# ready for a new golden



## AtticusJordie (Aug 15, 2006)

Cool!

We've always felt...."when the time is right"--you'll know.

I'm sure that Gage will figure in somehow--to find you the right companion!

Best of Luck!

SJ


----------



## BeauShel (May 20, 2007)

Gage will lead the right dog to you and your daughter. She had to work thru her grief in her own way and now she is ready to share her love again. The right dog will come along and your heart will know the right one.


----------



## Jackson'sMom (Oct 13, 2007)

Now we just have to convince Mila to accept another dog! I think she'll be fine with the right dog. She recently met a little deaf JRT/Chihuahua and a Chihuahua/terrier at the park, and her hackles didn't go up. When she got tired of being sniffed, she just sat down. So she's getting better. She and Gage always got along great, as she did with Toby (golden) and Jackson, too. She even met a little female Corgi X at the pet food place the other day, and handled that situation well, too.


----------



## Karen519 (Aug 21, 2006)

*Jackson's Mom*

Jackson's Mom:

I agree with everyone else-Gage will lead you to just the right dog.

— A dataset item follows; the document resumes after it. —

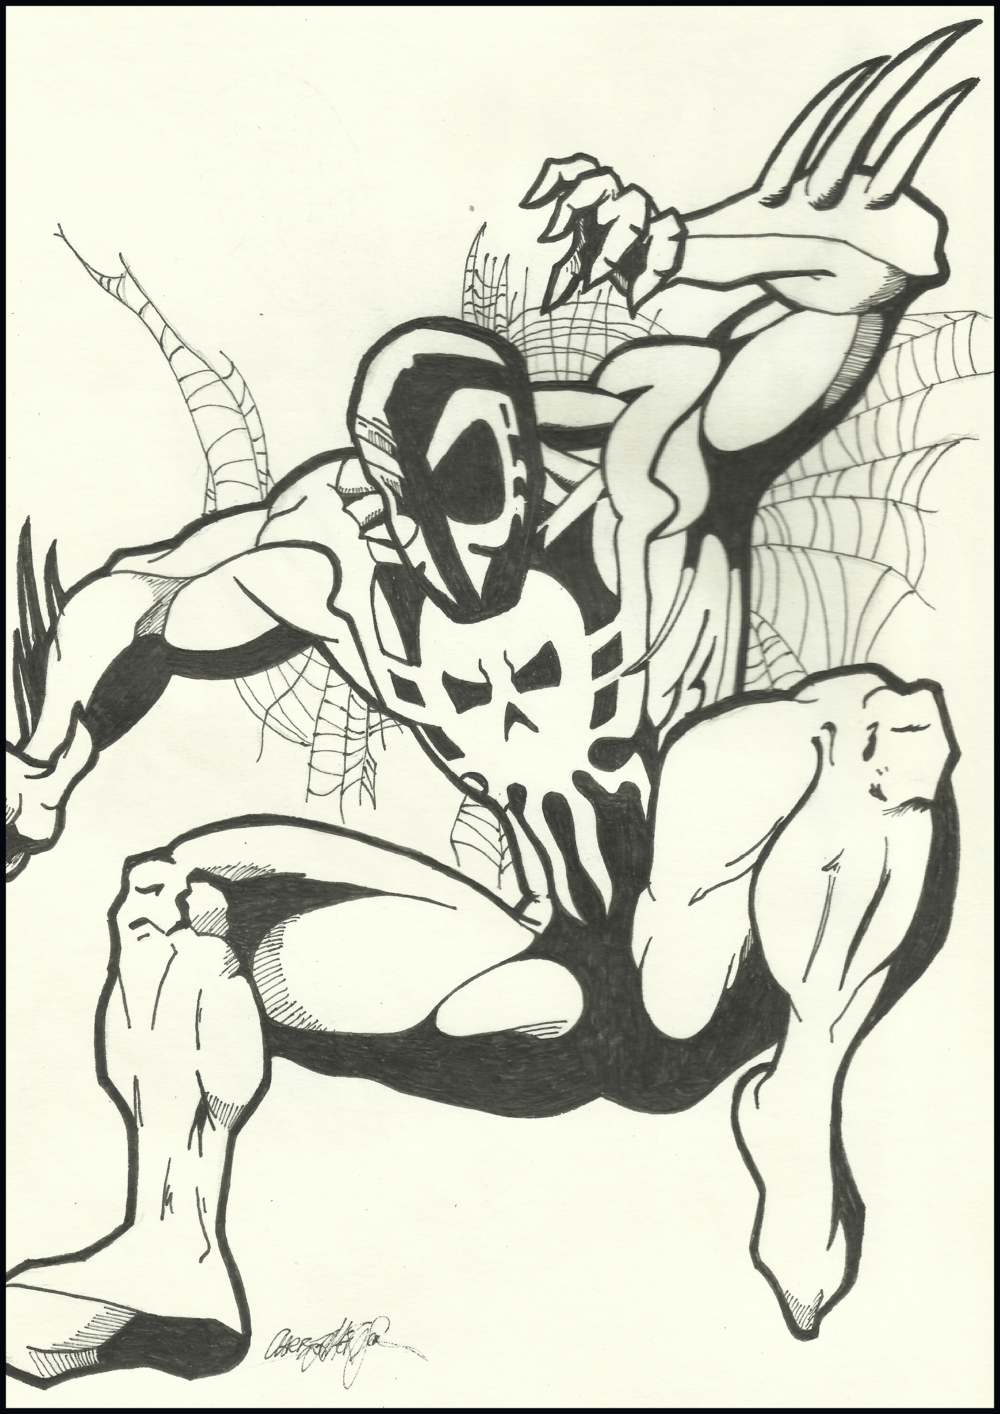 spidey2099-sketch.png

You and Julia must have much more patience than I do.


----------



## For the Love of Goldens (Dec 11, 2006)

There is SUCH a sweet looking female on Petfinder right now named Sasha, 7 year old, available through Animal Friends Rescue! I can understand the timing needs to be right. Good luck.


----------



## GoldenGirlTN (Mar 30, 2008)

Best of luck to you in your future search for a Golden companion...


----------



## Jackson'sMom (Oct 13, 2007)

Thanks! We got our last golden, Gage, from MAGRR (he was a special needs boy).


----------



## Lego&Jacub (Jul 18, 2006)

How wonderful... I'm sure when it's time to start looking you'll find just the right one for your family!!!


----------



## HovawartMom (Aug 10, 2006)

Indeed,Gage will take you to the right dog and it will be another wonderful journey!.


----------



## Abbydabbydo (Jan 31, 2007)

That is wonderful news! Good luck in your search.


----------



## Miss Happy (Dec 22, 2007)

Your post makes me feel good - some golden will be a lucky golden. Thank you for rescuing.


----------



## sharlin (Feb 26, 2007)

Gage will whisper in your ear when it's time and the right lucky Golden comes along.


----------



## fostermom (Sep 6, 2007)

Awww. Good luck.


----------



## goldensmum (Oct 23, 2007)

Your heart will tell you which is the "one" for you, and as Gage lives on in your hearts I am sure he will make sure that you get the right one,

Good Luck and Best Wishes


----------